4.3 Path exploration
Our participants felt overwhelmed by the amount of information shown during the validation stage. We attribute this observation to the fact that the participant’s current workflow is not based on paths through a dense knowledge graph like PrimeKG. Moreover, in some cases, many hundreds or thousands of “shortest” paths can exist, with dozens of different meta-paths. In those cases, it might be beneficial not to show all available information but to introduce further abstraction layers. These abstraction layers can take the form of visual summaries, each conveying a specific aspect of all paths instantiated by a given meta-path. Such representations enable users to reason about the global structure before drilling down into individual paths. For example, an under-planning representation visualizes a meta-path as a conditional relationship between entity sets defined by the query endpoints, for instance the relationship between the set of disease-associated genes and the set of anatomical contexts in which a gene is expressed.
The recent work by demonstrates how LLMs, when combined with knowledge graphs, can assist experts in iteratively exploring, reasoning about, and refining hypotheses derived from complex knowledge graph paths. Incorporating LLMs could also be a promising direction in molIEreVIS to mitigate information overload. In a related research project on knowledge graph curation, we gained positive experience with a customized LLM chat that has access to the selections and encodings of a visual interactive tool. However, it is crucial to keep the interaction between the LLM and the user collaborative rather than fully autonomous to maintain reliability and prevent hallucination.
In addition, inspired by , we are already developing an improved visual query editor that allows users to flexibly filter the paths shown, which should improve the process of finding individual paths or groups of paths of interest, even when there are many meta-paths.
4.4 Different data contexts and additional data streams
The visualization approach resulting from this study is grounded in a conceptual model of multimodal drug repurposing pipelines (see Table 3). This abstraction enhances adaptability in different data, and pipeline contexts beyond the specific instantiation demonstrated in this paper.
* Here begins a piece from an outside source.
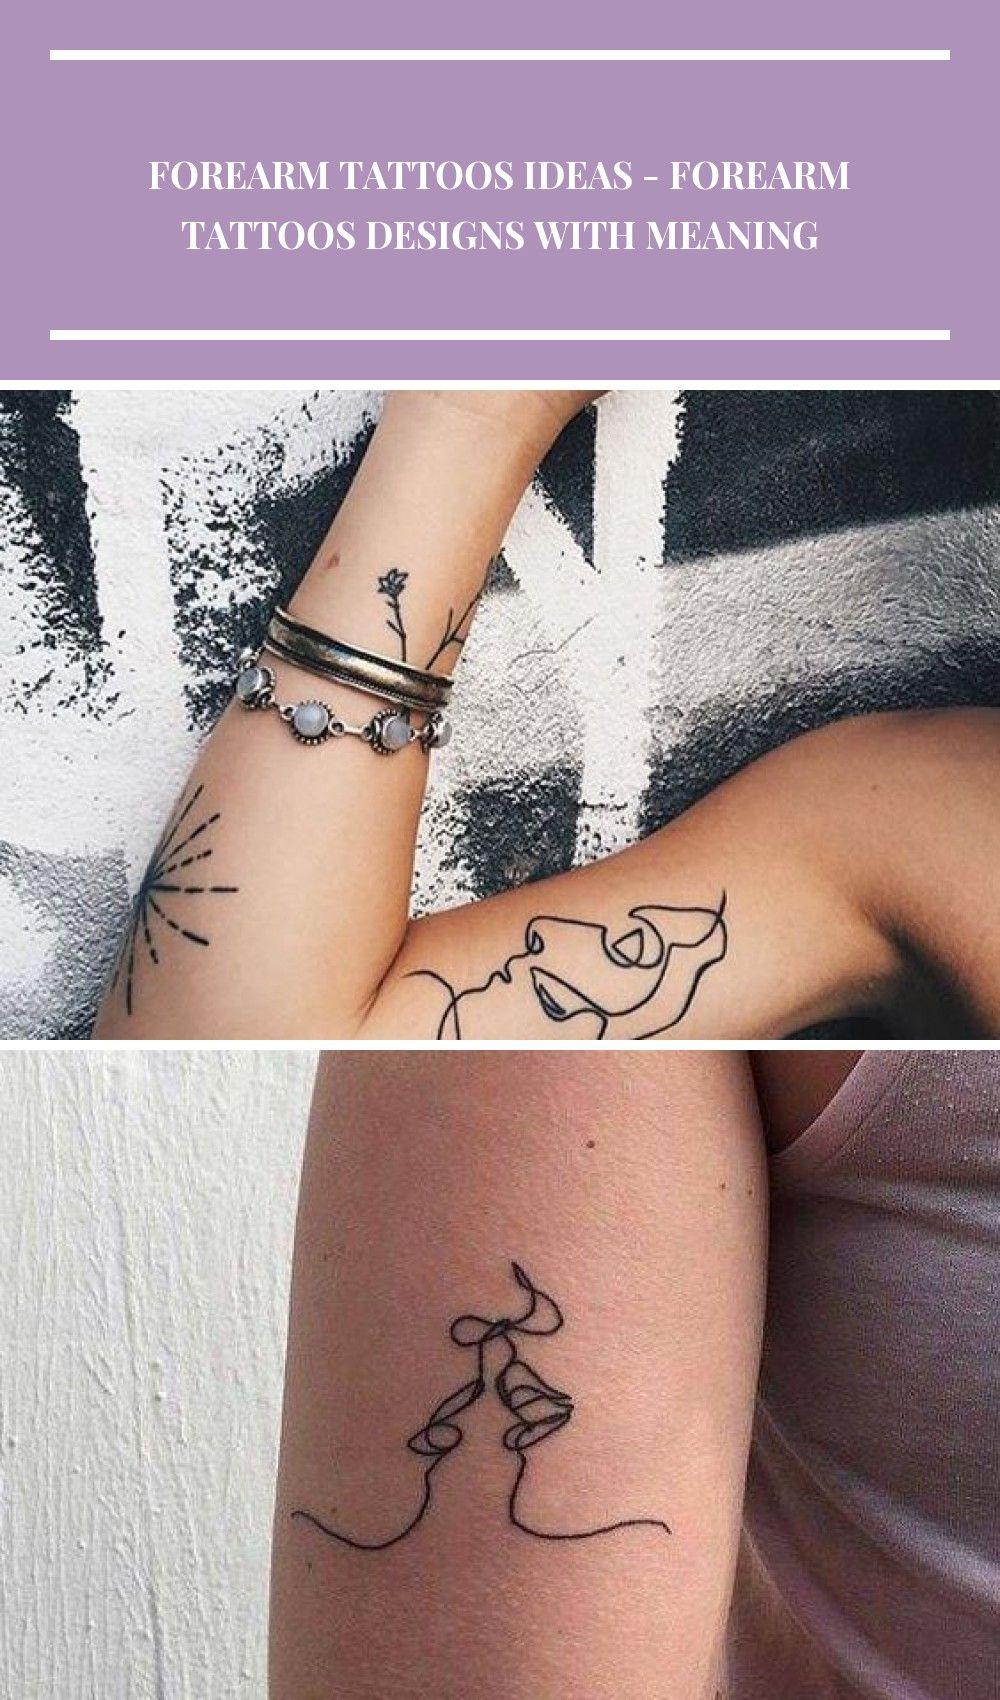 Simple Forearm Tattoo Ideas ♡♡♡♡♡♡ #tattooo #forearmtattoo

In this section, we discuss this adaptability in more detail.
As for the implementation scope specific to the context of molIEre, the demonstrated components of molIEreVIS are modular and can be substituted as needed. For instance, although we use PrimeKG in the validation stage, any knowledge graph can be used instead. The same flexibility applies to the choice of disease ontology that, in our demonstration, is MeSH. Moreover, additional data streams can, in principle, be integrated into the workflow. In practice, a new data stream requires the development of corresponding collective and individual piece of evidence charts, that will be shown when a link corresponding to evidence of the newly added data modality is selected in the evidence flow chart. In terms of visual scalability, we expect the evidence flow chart to easily scale to about twice as many data streams as are implemented in the prototype version.
As discussed in Section 2.2, beyond molIEre different pipelines may realize evidence transformation boundaries in different ways. In particular, some multimodal pipelines collapse multiple boundaries by embedding heterogeneous evidence into a shared latent representation and performing evidence integration within a single black-box model. In such cases, the intermediate data artifacts associated with the collapsed boundaries are no longer explicitly available. Accordingly, DG3 reflects an intentional abstraction that avoids exposing these collapsed data artifacts, namely low-level model states, which would not align with the target users’ understanding of the pipeline or their reasoning model.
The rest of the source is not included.